The Lampson makeover

Houston Chronicle:

Nick Lampson, the Democrat who gave the Republican Party heartburn by claiming Tom DeLay's House seat, has had a bull's-eye painted on his back by no less than Karl Rove's White House political machine.

Tagged by the White House as the GOP's top House target for 2008, the Stafford lawmaker is running hard and racing to stockpile the campaign cash he'll need to fend off whoever emerges victorious from the passel of Republicans vying for their party's nomination.

And perhaps most important, Lampson has tacked to the right to keep in sync with his heavily Republican 22nd District, which spans parts of Harris, Brazoria, Fort Bend and Galveston counties.

Since returning to Congress this year after being pushed out in a 2004 redistricting plan engineered by DeLay, Lampson has refashioned himself.

Gone is the moderate-to-liberal Beaumont Democrat from his earlier days in Congress. Nowadays, Lampson, 62, is keeping company with the Blue Dogs, a fiscally conservative bunch of Democrats working to bring budget discipline to Capitol Hill.

And he's far from a solid vote for House Speaker Nancy Pelosi, D-Calif., and her lieutenants, joining a small band of other endangered Democrats to defect on sensitive issues.

Last week, Lampson broke with his party over Iraq. He was among 15 House Democrats who sided with President Bush by voting against a $50 billion Iraq spending bill that would have required the administration to start bringing some troops home almost immediately.

Lampson has ranged afield on other votes, opposing a tax package designed to keep millions of Americans from being hit by the alternative minimum tax; a bill banning workplace discrimination against gays and lesbians; several energy bills; and legislation limiting the administration's spying authority.

Lampson portrayed his Iraq vote less as a philosophical shift than opposition to a bill with contradictory elements. But he said he is not hesitant to steer a course that places him at odds with some Democrats.

"I'm not going to be afraid to go against the party," Lampson said in an interview in his Capitol Hill office. "I'm not going to be afraid to do what's best for the country."

Though Lampson contends his voting record has not changed substantially since he first came to Congress in 1997 as the representative for the Democrat-leaning 9th District anchored by Beaumont, voting score cards reflect a tempering of any earlier liberalism.

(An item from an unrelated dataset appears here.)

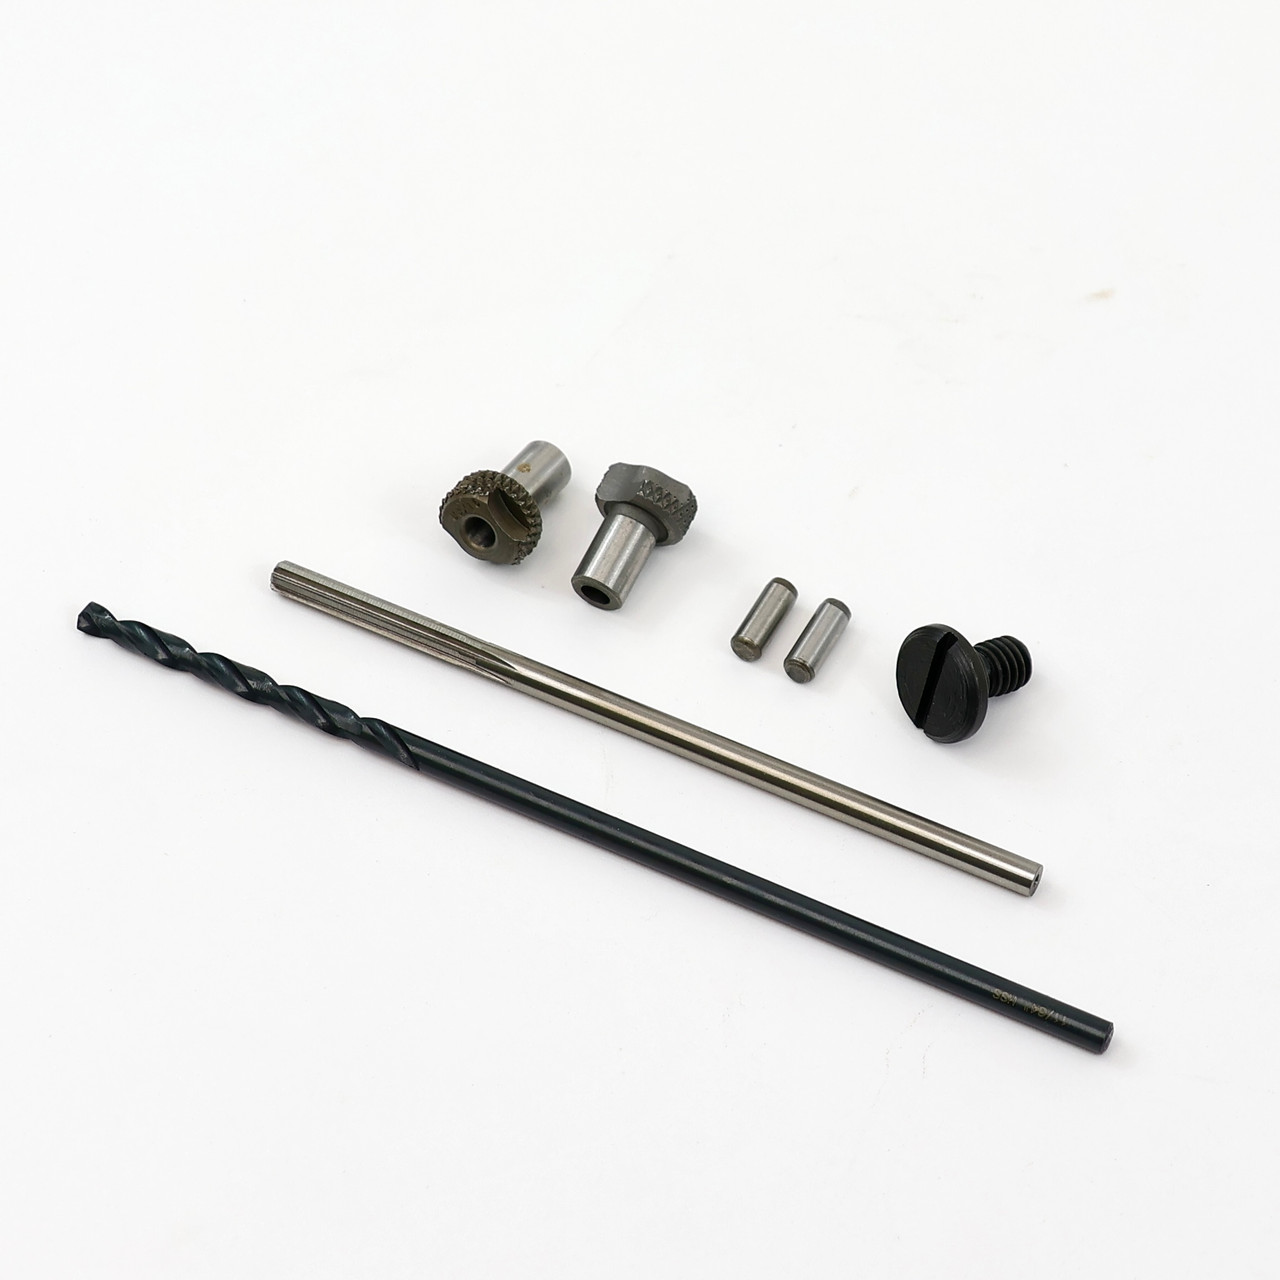 ATI Crankshaft Pin Drill Fixture Kit for LS Engines 918993 Crank Pinning Tool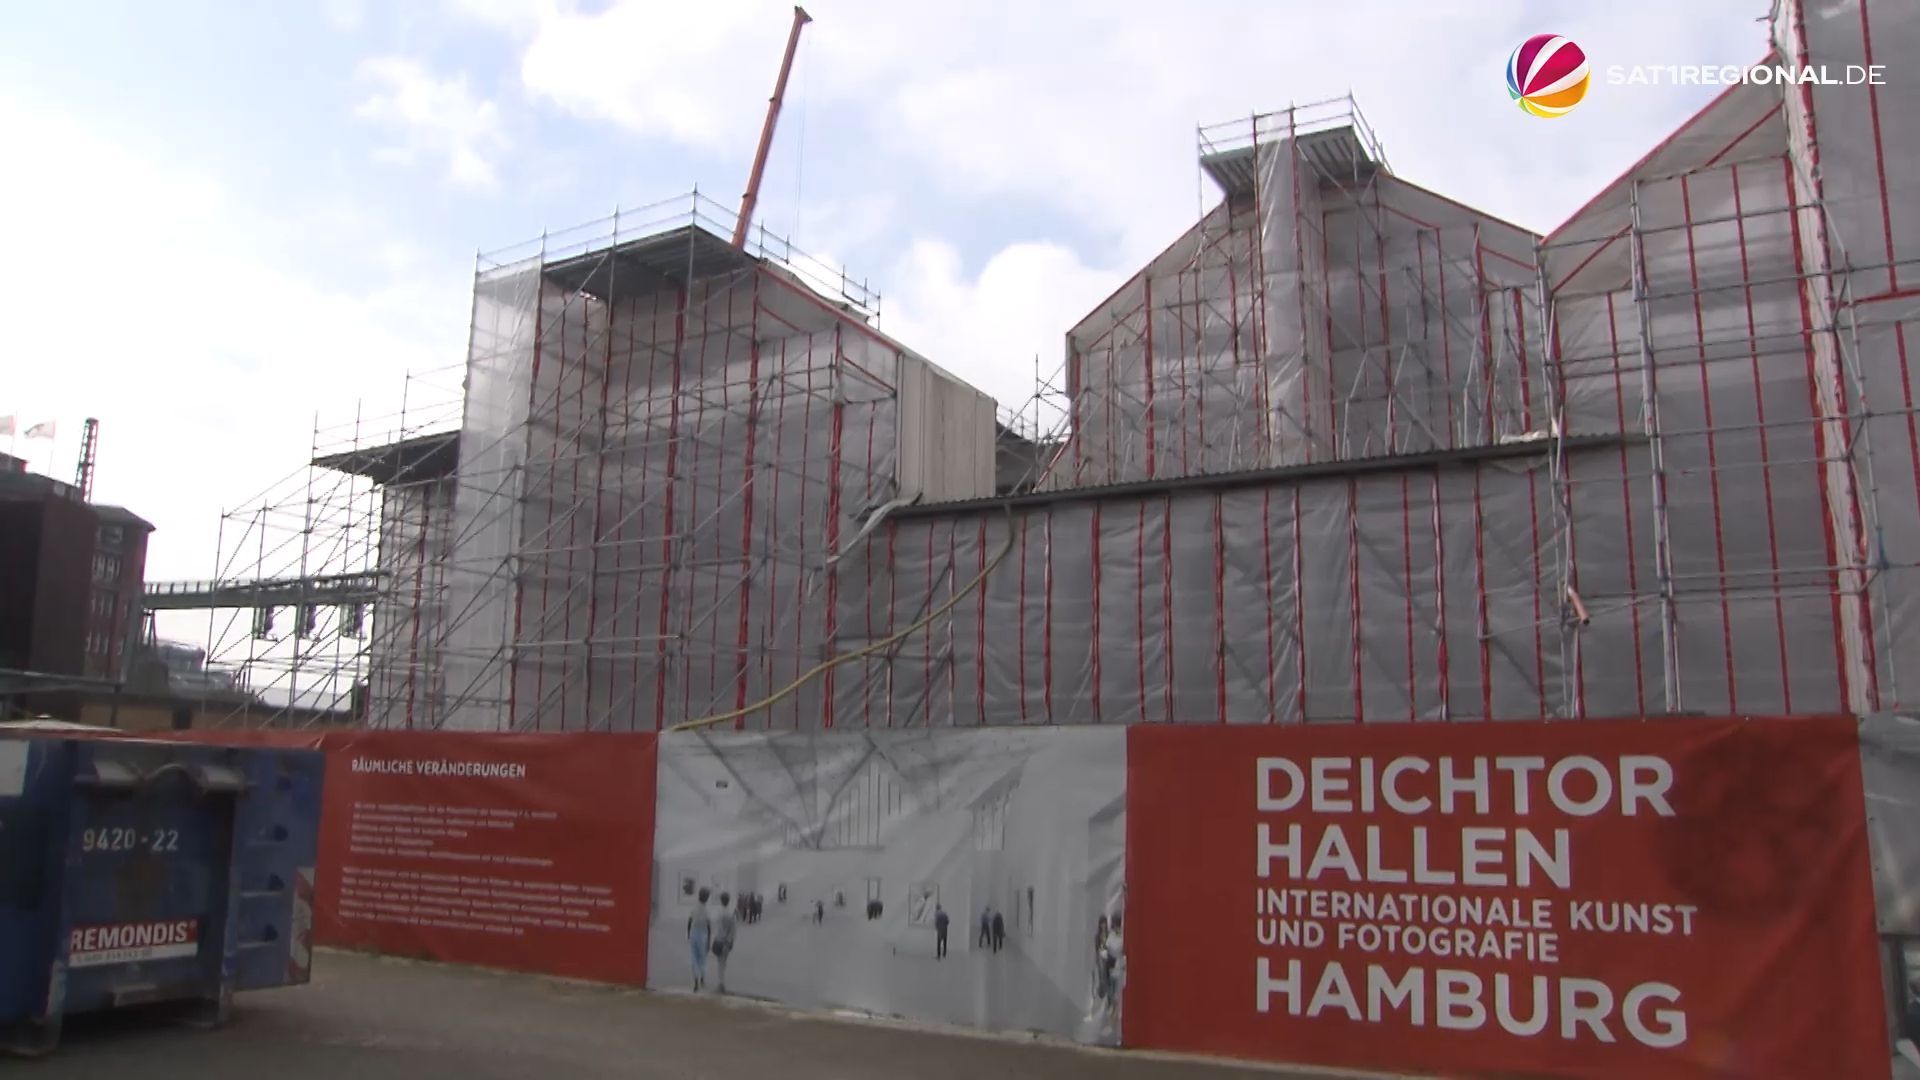 House of Photography in Deichtorhallen: Refurbishment takes longer

The shift accelerated after he returned to Congress this year in a far more conservative district that he won in something of an electoral quirk after Republican Shelley Sekula Gibbs was forced to run as a write-in candidate.

But Republicans, who are determined to take back the seat, contend the change is little more than skin deep.

"Obviously Nick Lampson will do or say whatever it takes to try to get elected," said Jared Woodfill, the Harris County Republican Party chairman.

Already, local GOP officials have placed more than 400,000 automated phone calls to 22nd District residents, highlighting Lampson votes for tax increases and showcasing his $168,000 in contributions from the liberal MoveOn.org.

"Whether he is voting to strong-arm small businesses, switching his vote to provide taxpayer-funded benefits for illegal immigrants or happily taking hundreds of thousands of dollars from MoveOn.org, one thing is for sure: Nick Lampson's time in Congress is running short," said Ken Spain, a spokesman for the National Republican Congressional Committee.

...

Lampson won this seat because Democrats were able to thwart democracy by keeping a Republican off the ballot. The story also whitewashes some of his other votes with the Loser caucus on the war in Iraq. He has a record of being wrong on the war that any Republican can run against, despite his recent vote on the funding measure. If his vote had been critical to passage, Pelosi would have gotten it as demonstrated by his change of vote in one of the disputed motions to recommit.

There is one vote that he cannot finesse and his opponents should hammer him on it. His vote for Nancy Pelosi should be an albatross that haunts him through out the campaign. She is dedicated to our defeat in Iraq and is doing everything in her power to insure it. No Republican should vote for anyone who supports her.